Relluna

Scientific classification
- Kingdom: Animalia
- Phylum: Arthropoda
- Clade: Pancrustacea
- Class: Insecta
- Order: Lepidoptera
- Family: Cossidae
- Subfamily: Zeuzerinae
- Genus: Relluna Schoorl, 1990
- Species: R. nurella
- Binomial name: Relluna nurella (Swinhoe, 1894)
- Synonyms: Azygophleps nurella Swinhoe, 1894;

= Relluna =

- Authority: (Swinhoe, 1894)
- Synonyms: Azygophleps nurella Swinhoe, 1894
- Parent authority: Schoorl, 1990

Species of moth

Relluna nurella is a moth in the family Cossidae, and the only species in the genus Relluna. It is found in the north-eastern Himalayas, as well as on Peninsular Malaysia, Borneo and Palawan.
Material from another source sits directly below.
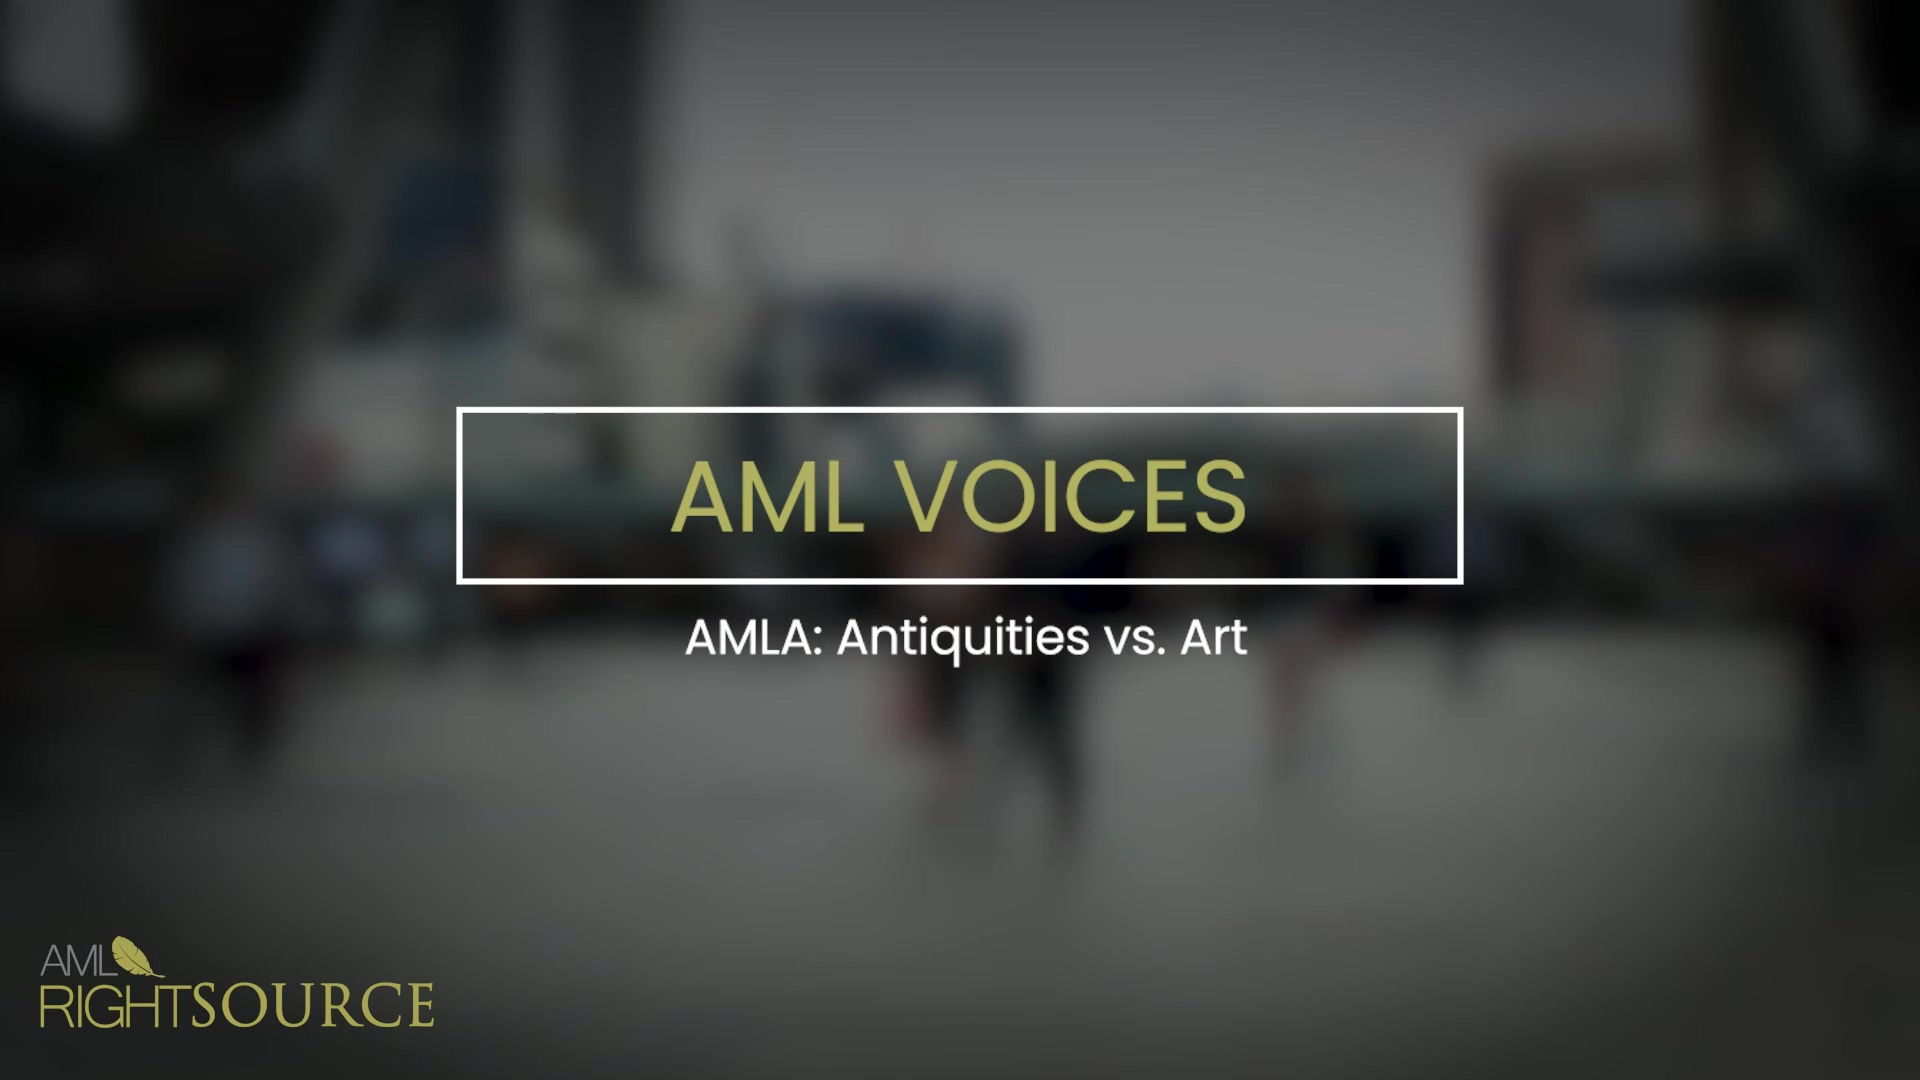 AMLA Antiquities vs. Art

The forewings and hindwings are uniform brownish fawn, except for a pale yellow area along the dorsum of the forewings.

==Subspecies==
- Relluna nurella nurella
- Relluna nurella wallacei Yakovlev, 2008 (Myanmar, Malaysia, Borneo, Sumatra)

==Etymology==
The genus name is an anagram of the species-name nurella.